# Notebook to extract hidden-states and attention heads activations from bert model predictions

In [1]:
import os
import glob
import pandas as pd
from tqdm import tqdm
from model import BertExtractor
from tokenizer import tokenize

Defining variables:

In [2]:
template = '/neurospin/unicog/protocols/IRMf/LePetitPrince_Pallier_2018/LePetitPrince/data/text/english/*.txt' # path to text input
language = 'english'
prediction_type = 'sentence'

In [3]:
pretrained_bert_models = [
    '/neurospin/unicog/protocols/IRMf/LePetitPrince_Pallier_2018/LePetitPrince/models/BERT/NER_CONLL2003_bert-base-cased/fine-tuned'] # path to the model from which we want to retrieve the activations
infos = [os.path.basename(os.path.dirname(model)).split('_') for model in pretrained_bert_models]
names = ['{}_{}_{}_{}'.format(info[2], info[0], info[1], os.path.basename(model)) for (info, model) in zip(infos, pretrained_bert_models)]
config_paths = [os.path.join(os.path.dirname(model), 'config.yml') for model in pretrained_bert_models]
saving_path_folders = [
    '/neurospin/unicog/protocols/IRMf/LePetitPrince_Pallier_2018/LePetitPrince/data/stimuli-representations/{}/{}'.format(language, name) for name in names]

In [4]:
## testing notebook

template = '/Users/alexpsq/Code/NeuroSpin/LePetitPrince/data/text/english/text_en.txt' # path to text input
language = 'english'
prediction_type = 'sentence'
pretrained_bert_models = [
    'bert-base-cased'] # path to the model from which we want to retrieve the activations
names = ['bert-base-cased']
config_paths = [None]
saving_path_folders = [
    '/Users/alexpsq/Code/Parietal/']

Creating iterator for each run:

In [5]:
paths = sorted(glob.glob(template))

In [6]:
iterator_list = [tokenize(path, language, train=False) for path in paths]

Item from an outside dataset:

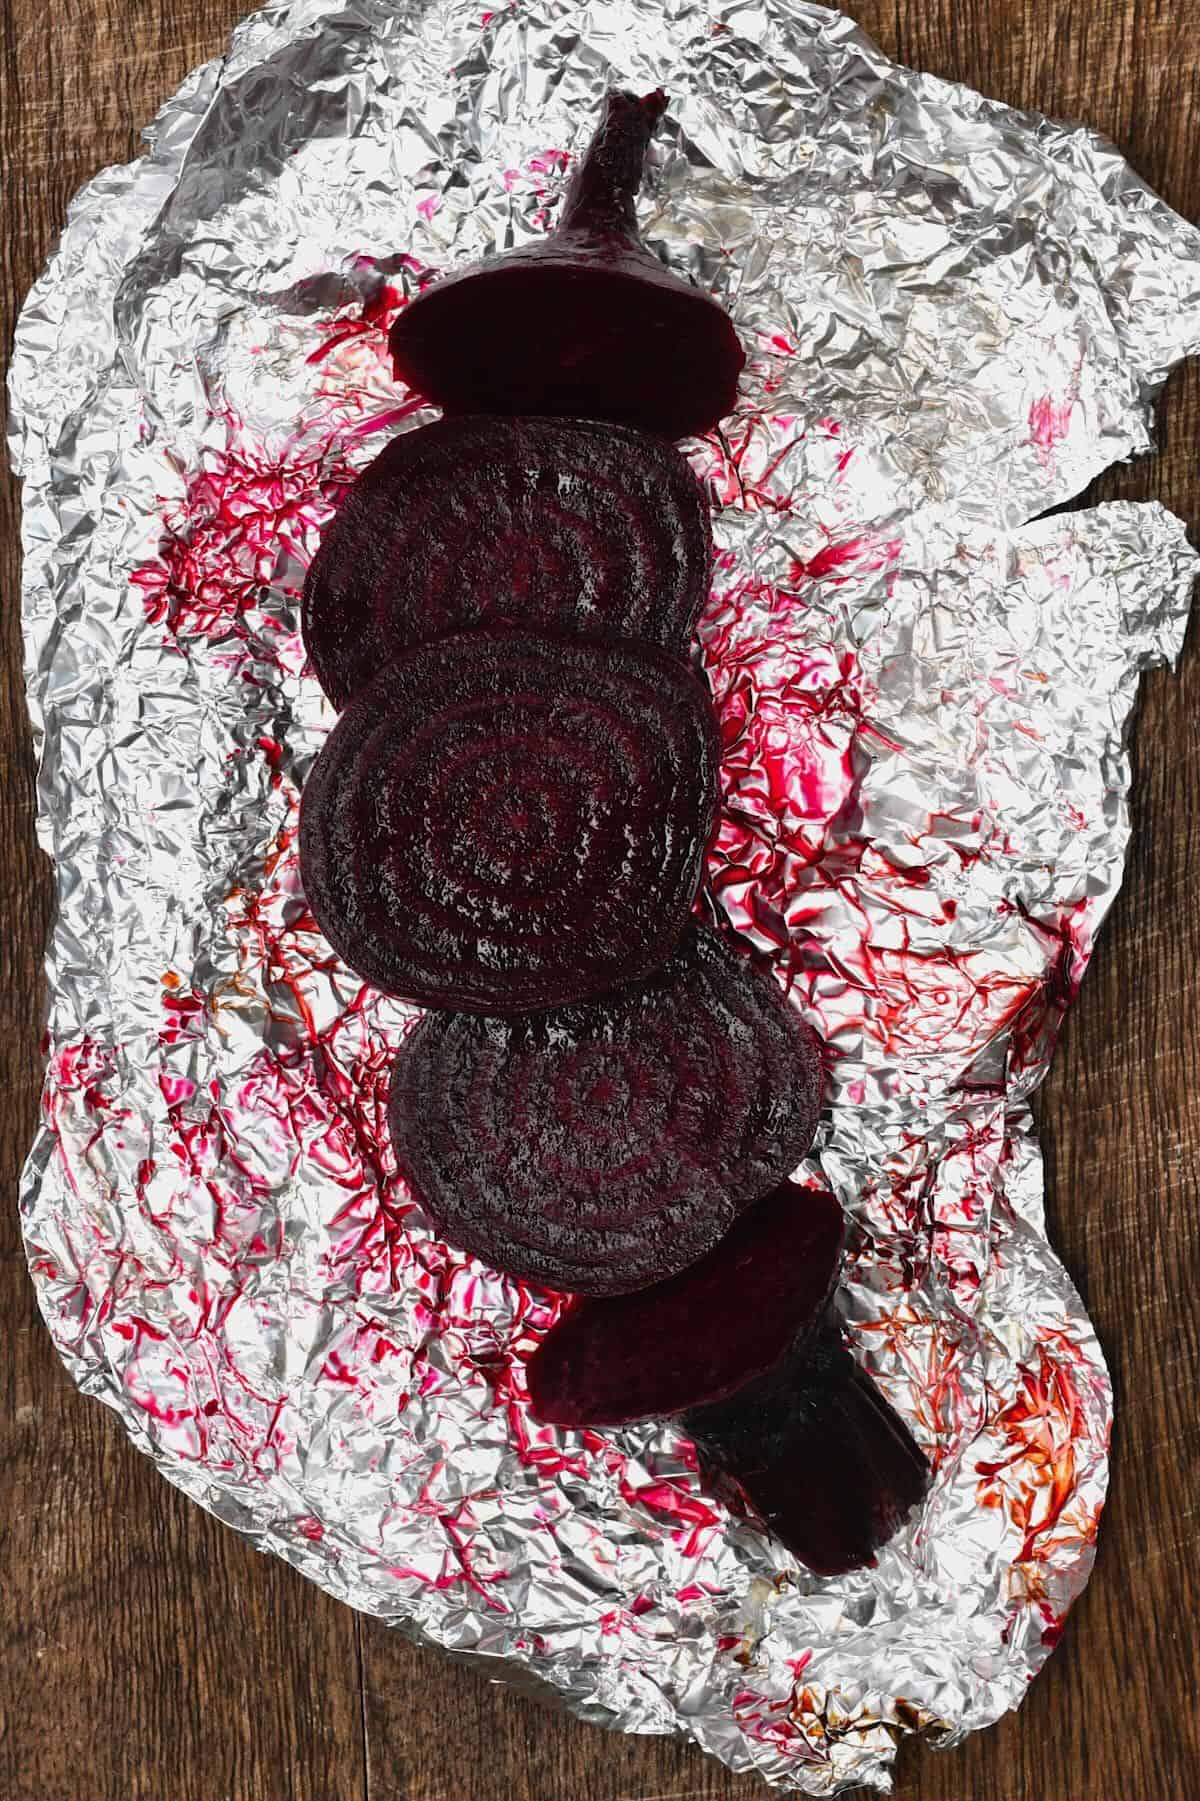 Roasted beetroot sliced into circles

100%|██████████| 1597/1597 [00:00<00:00, 2121058.74it/s]

Tokenizing...
Preprocessing...
Preprocessed.
Tokenized.





## Activation extraction

In [8]:
for index, bert_model in enumerate(pretrained_bert_models):
    extractor = BertExtractor(bert_model, language, names[index], prediction_type, output_hidden_states=True, output_attentions=True, config_path=config_paths[index])
    print(extractor.name, ' - Extracting activations ...')
    for run_index, iterator in tqdm(enumerate(iterator_list)):
        hidden_states_activations, attention_heads_activations  = extractor.extract_activations(iterator, language)
        hidden_states_activations.to_csv(os.path.join(saving_path_folders[index], 'hidden_states_run{}.csv'.format(run_index)))
        attention_heads_activations.to_csv(os.path.join(saving_path_folders[index], 'attention_heads_run{}.csv'.format(run_index)))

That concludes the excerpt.